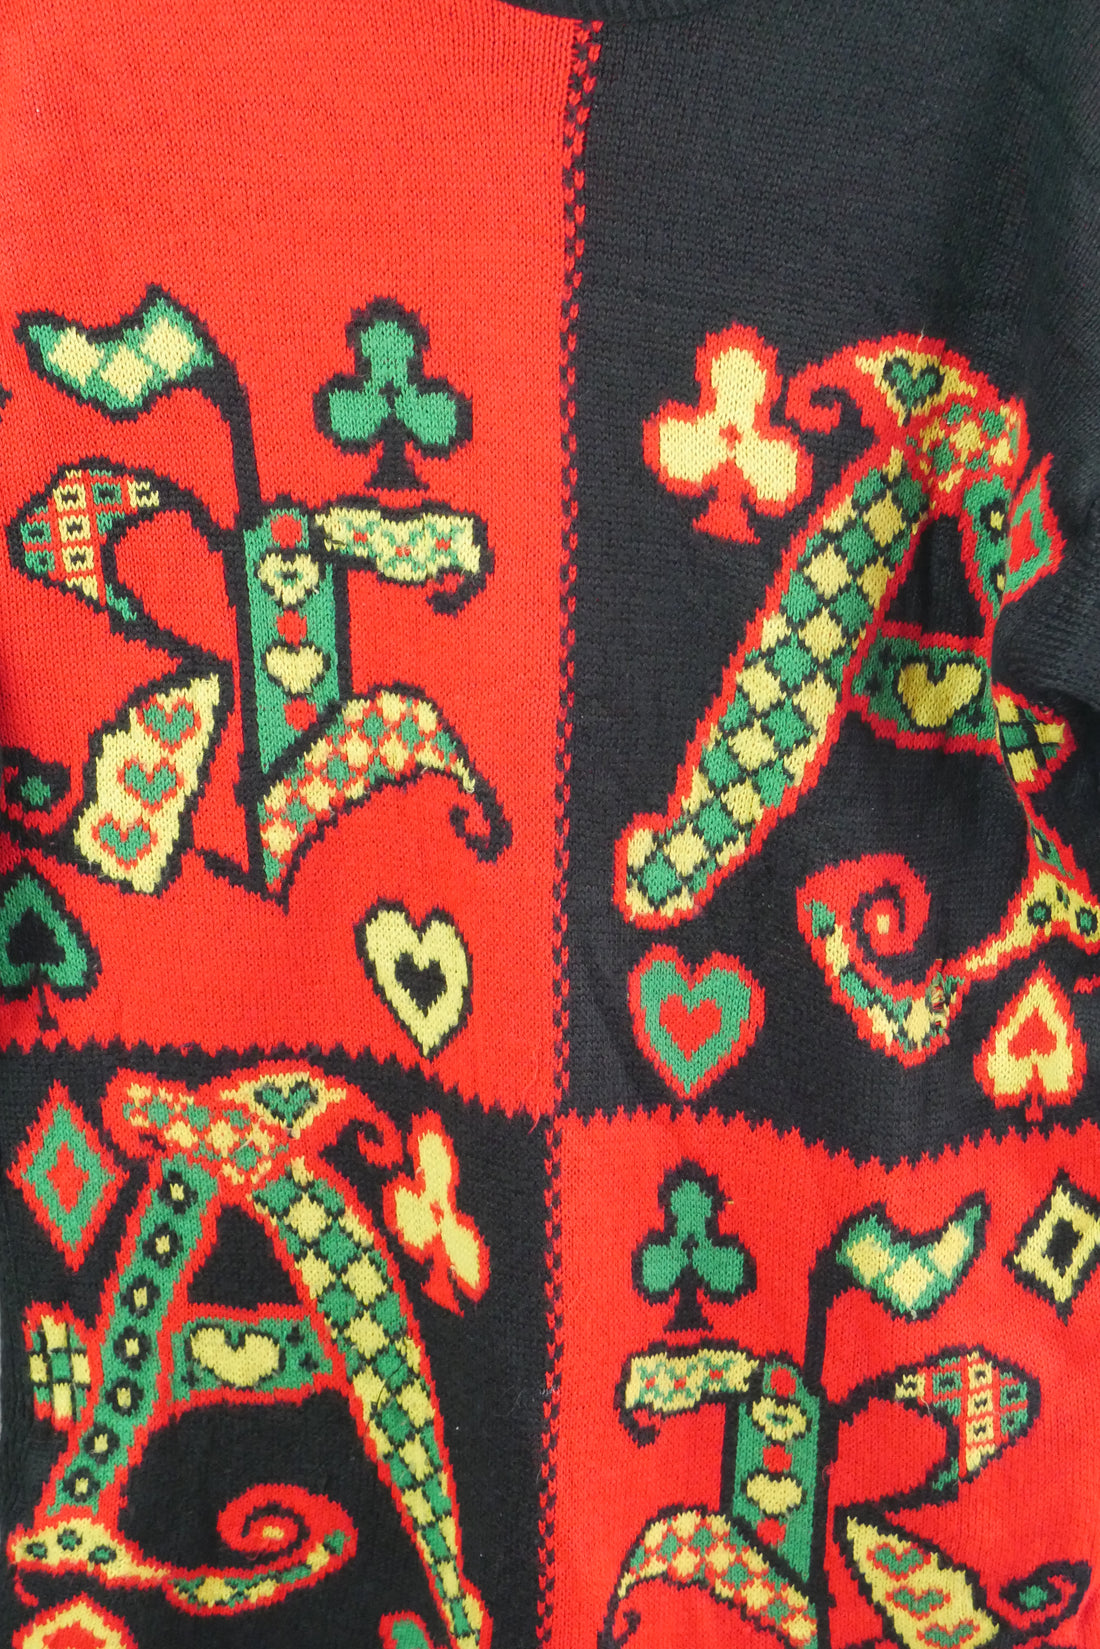 The Vintage Playing Card Style Knit Jumper (L)
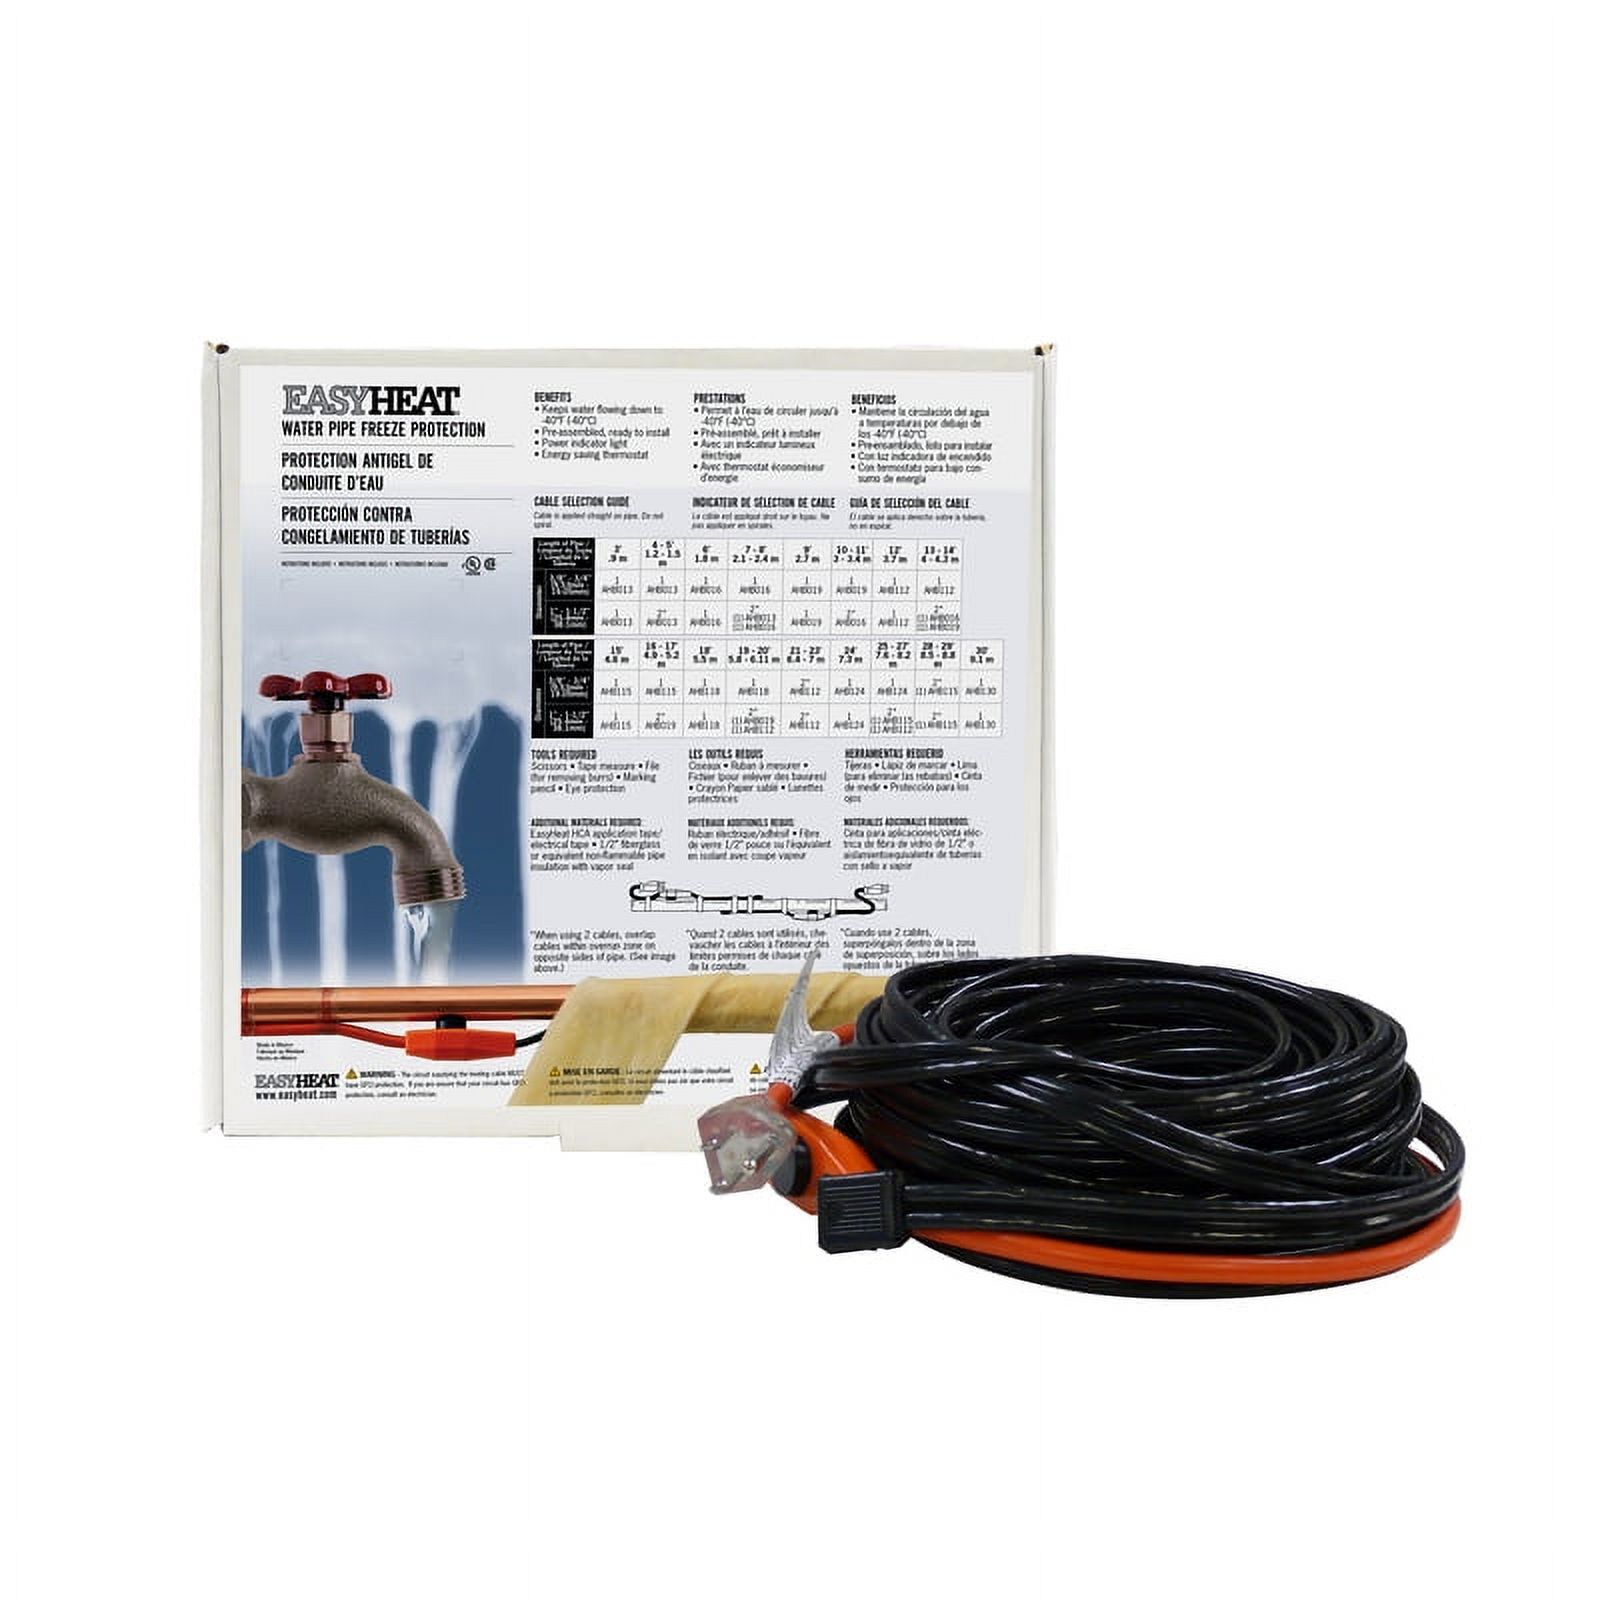 Easy Heat AHB016 Heating Cable For Water Pipe - image 4 of 6
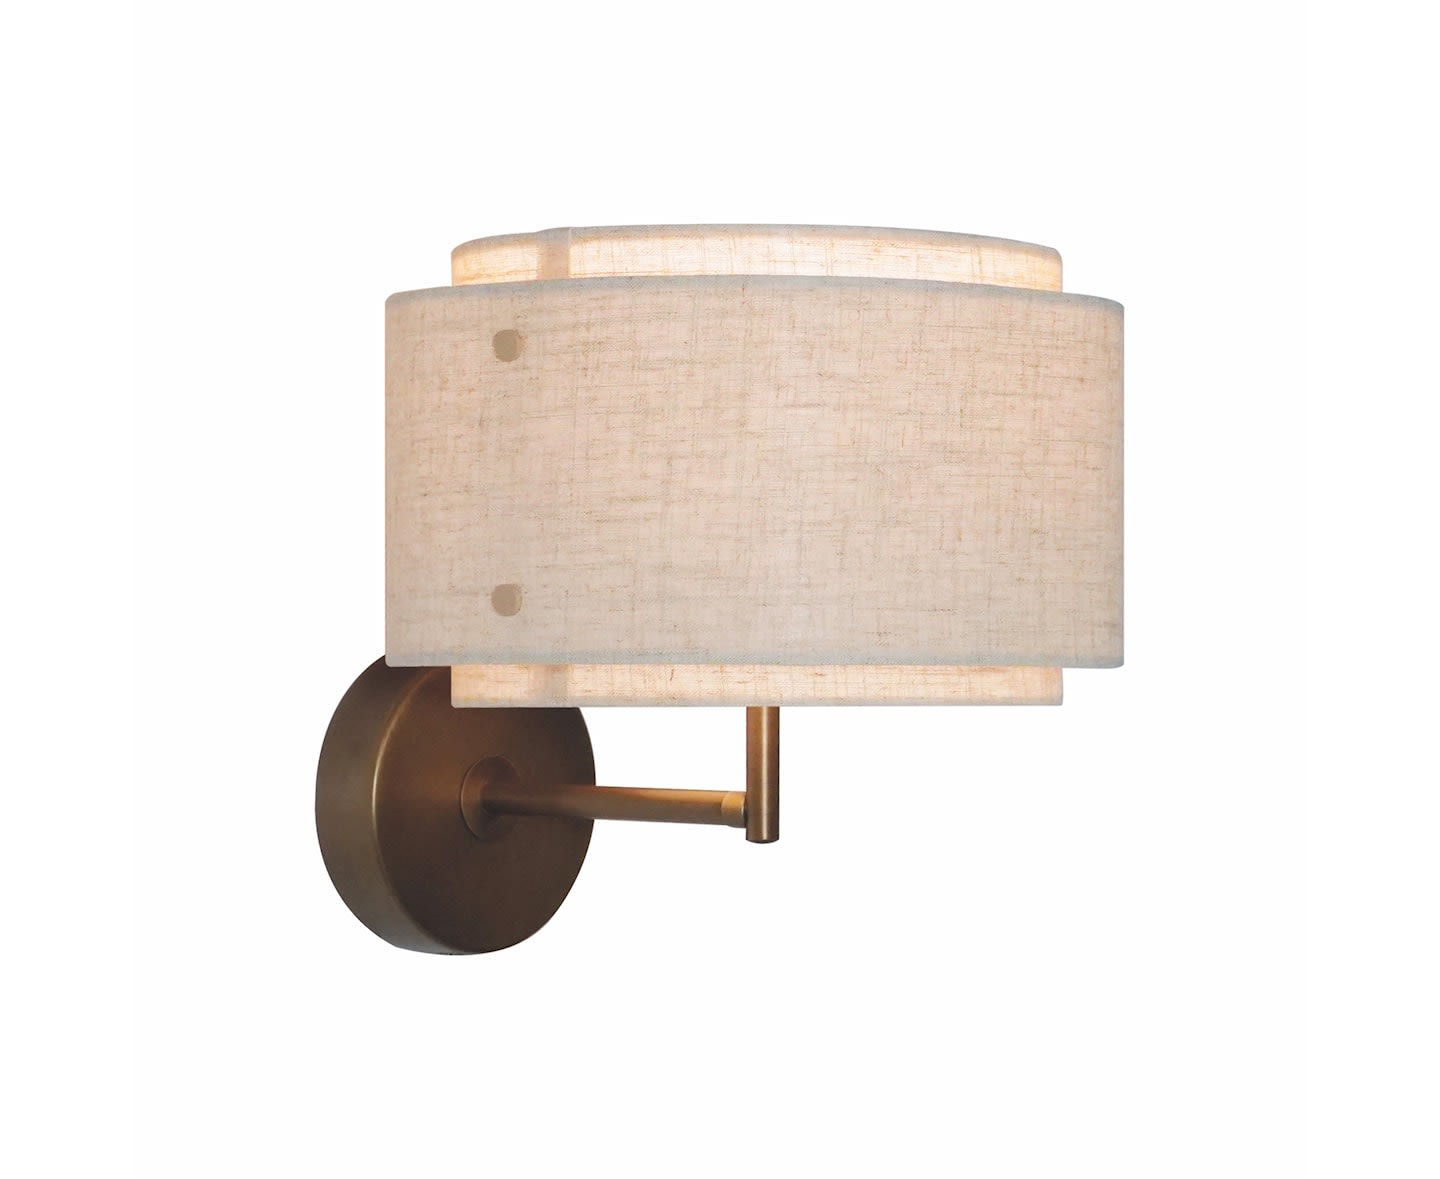 Design For The People Takai Vägglampa Beige

» **What the task asks**
Repeat the whole of the material above exactly, but keep the pictures out.

» **The answer**
 The Vintage Playing Card Style Knit Jumper (L)
 Easy Heat AHB016 Heating Cable For Water Pipe - image 4 of 6
 Design For The People Takai Vägglampa Beige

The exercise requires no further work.